Anyone with any first hand knowledge?

 

MC

 

 

Hi Malcolm,

 

I have come across at least two outright fakes and another that I am convinced was a fake but was unable to inspect properly.

 

With any luck there will be a photo below of a crudely cut 'Jeffries' endplate stamped C Jeffries. It is very obviously not original based on the fretwork alone....that is before we consider the fact that it is made of aluminium :o)

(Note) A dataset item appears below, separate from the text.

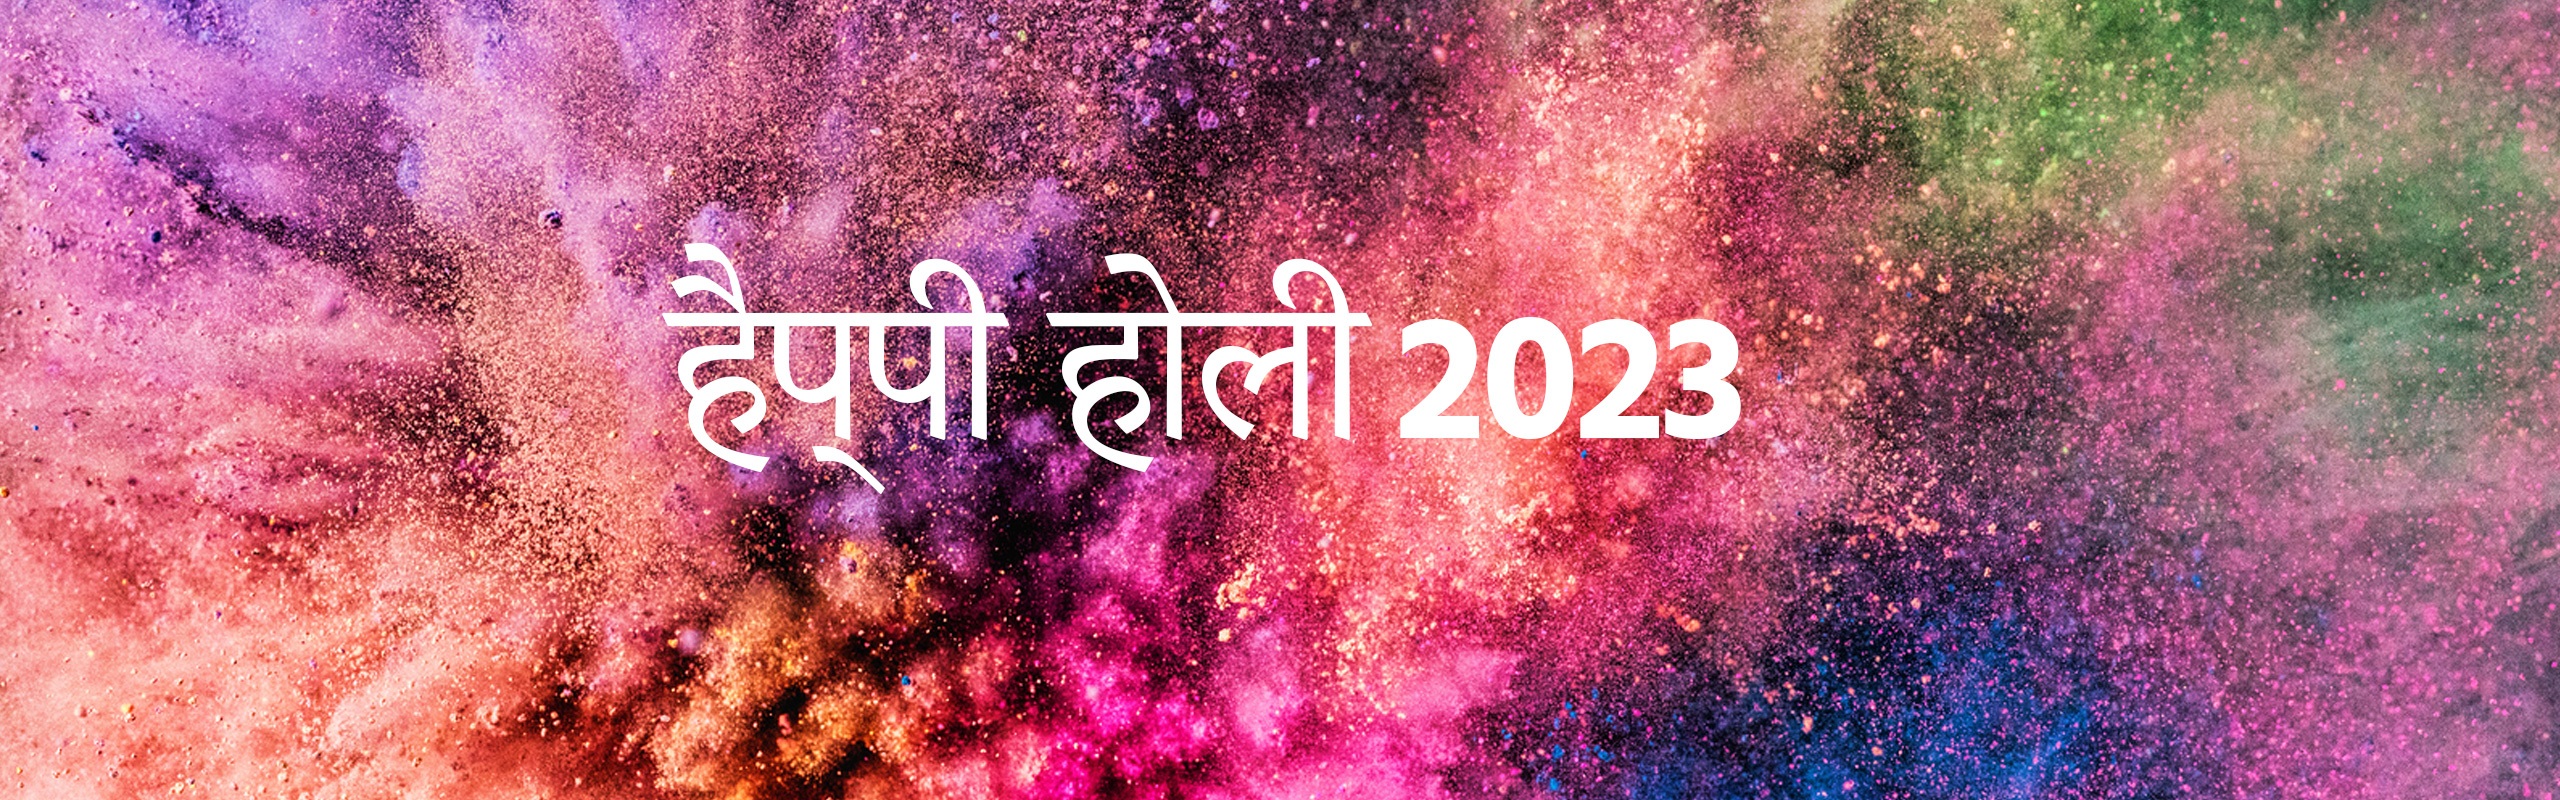 Happy Holi Wish 2023 in Hindi होली की शुभकामनाएं हिंदी में
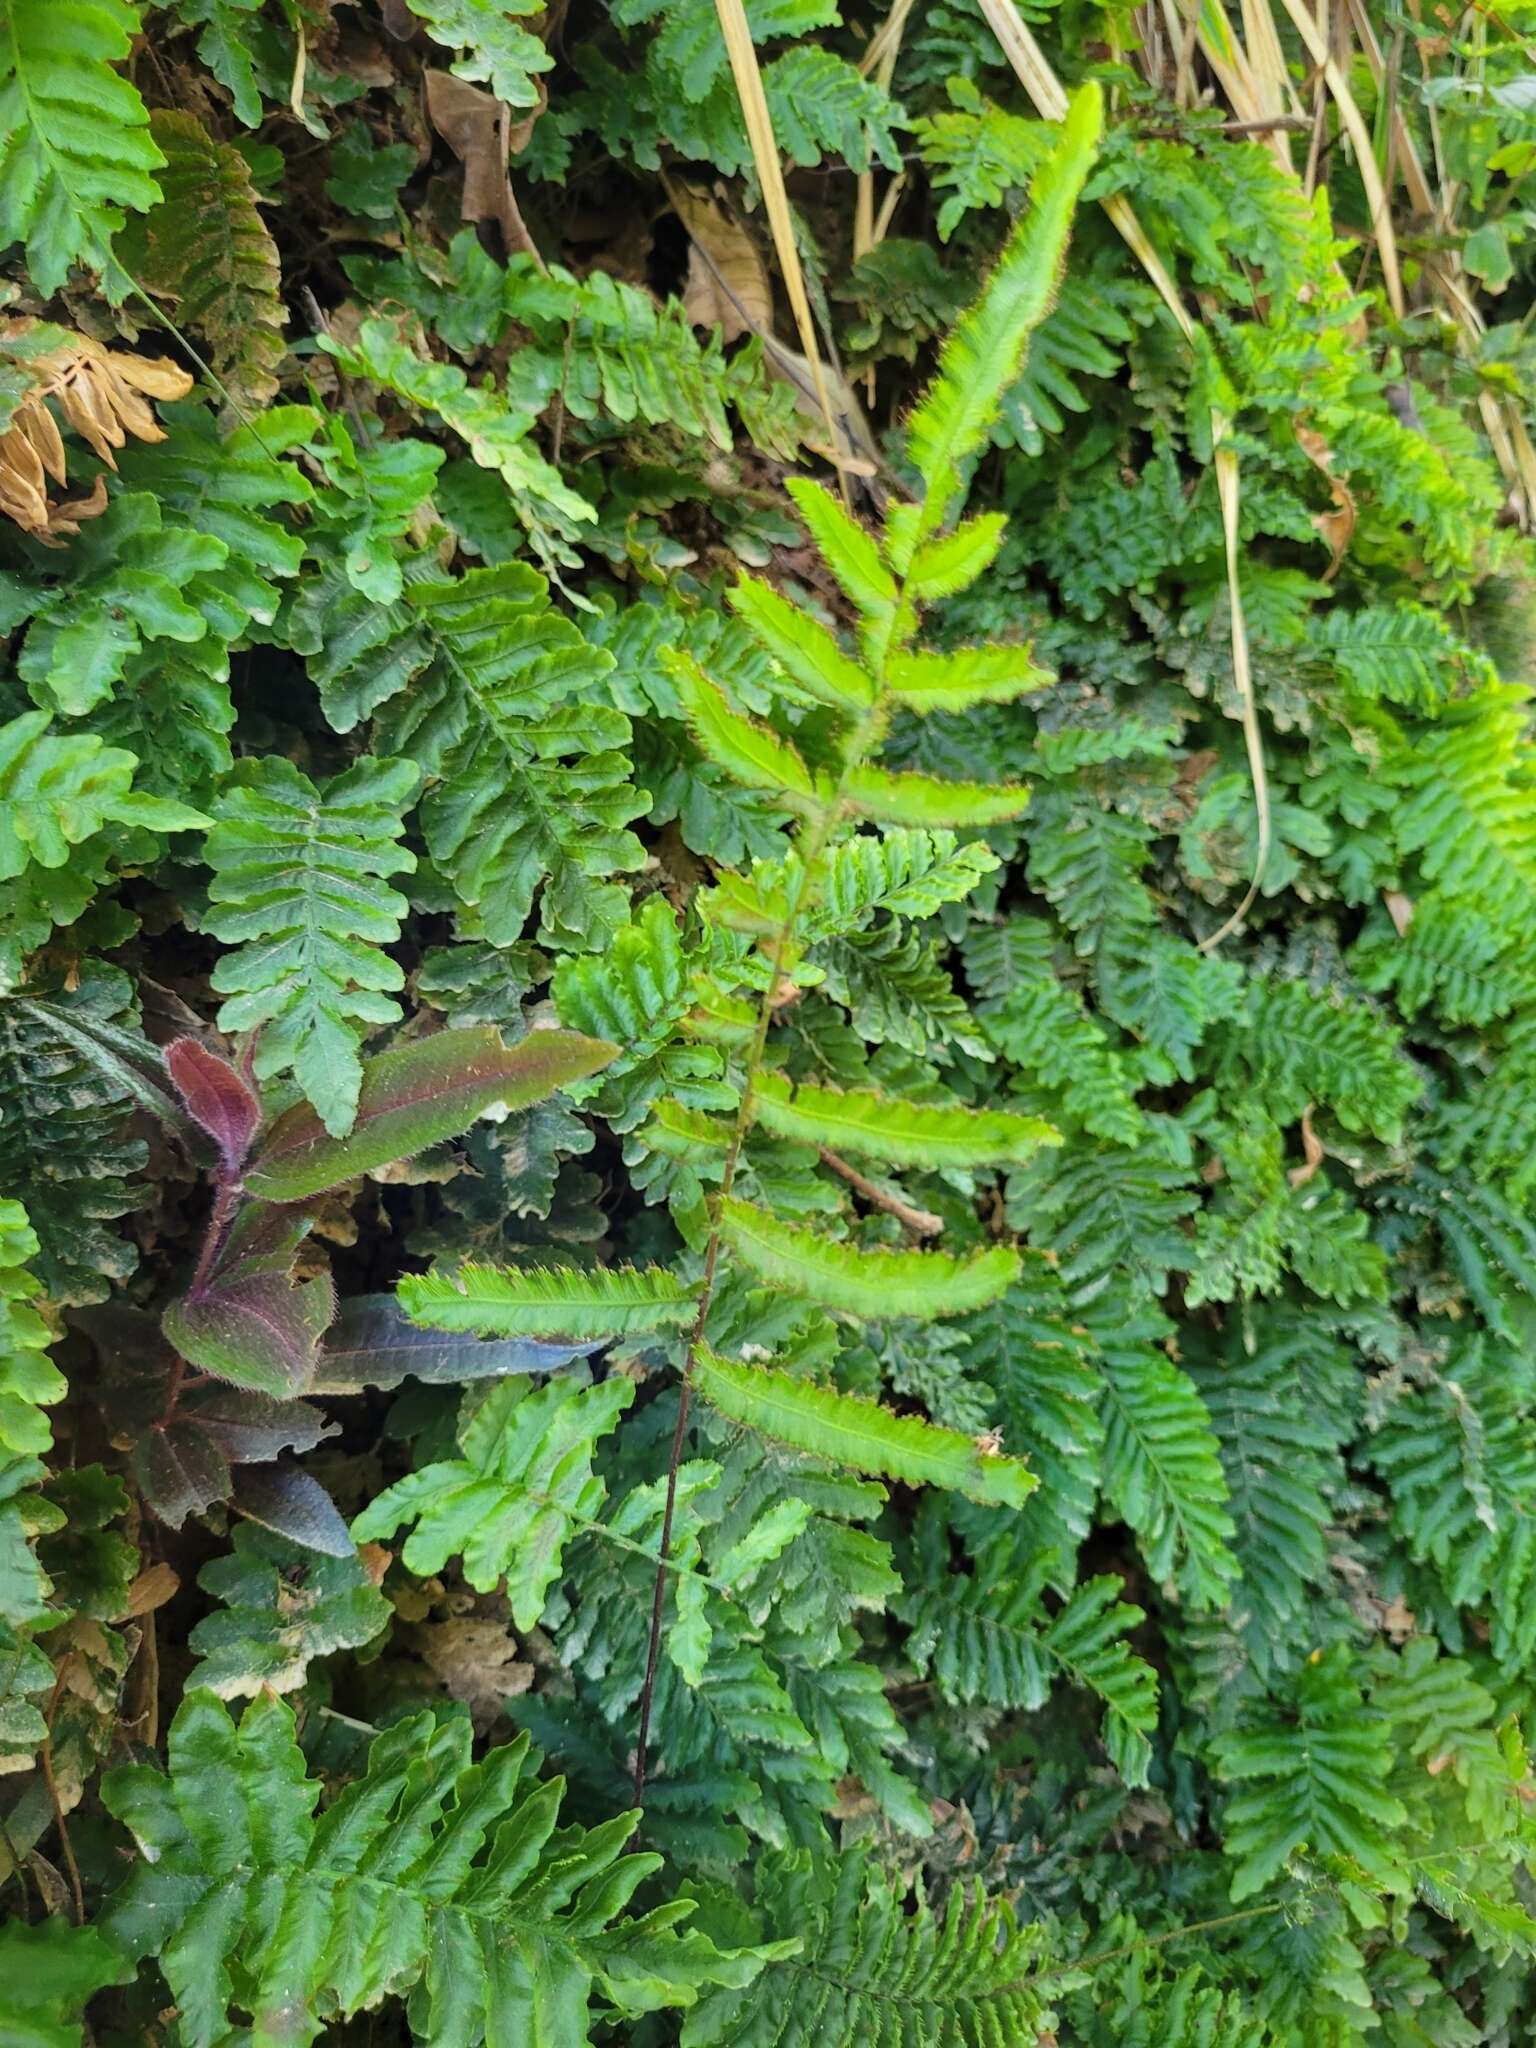 Image of tansy bristle fern

The ends were , I am sure, not of recent manufacture so I would suggest that such faking is not a new idea. I must confess to a certain sympathy to any attempts to 'ripping off' or hoodwinking a Pawnbroker :lol:

This concertina was given to me as a 'bag of bits' a few of which were salvageable but I have kept the ends as curiosities.

 

I came across a much better fretworked example in Ireland a few years ago. That one was stamped C.Jeffries as well, though this time in the usual position and in a similar style though slightly larger font.The instrument just did not look quite right and I asked to try it... it did not feel or play right either. The owner had recently paid £3000 for it and was absolutely delighted and proud as Punch of his 'bargain'.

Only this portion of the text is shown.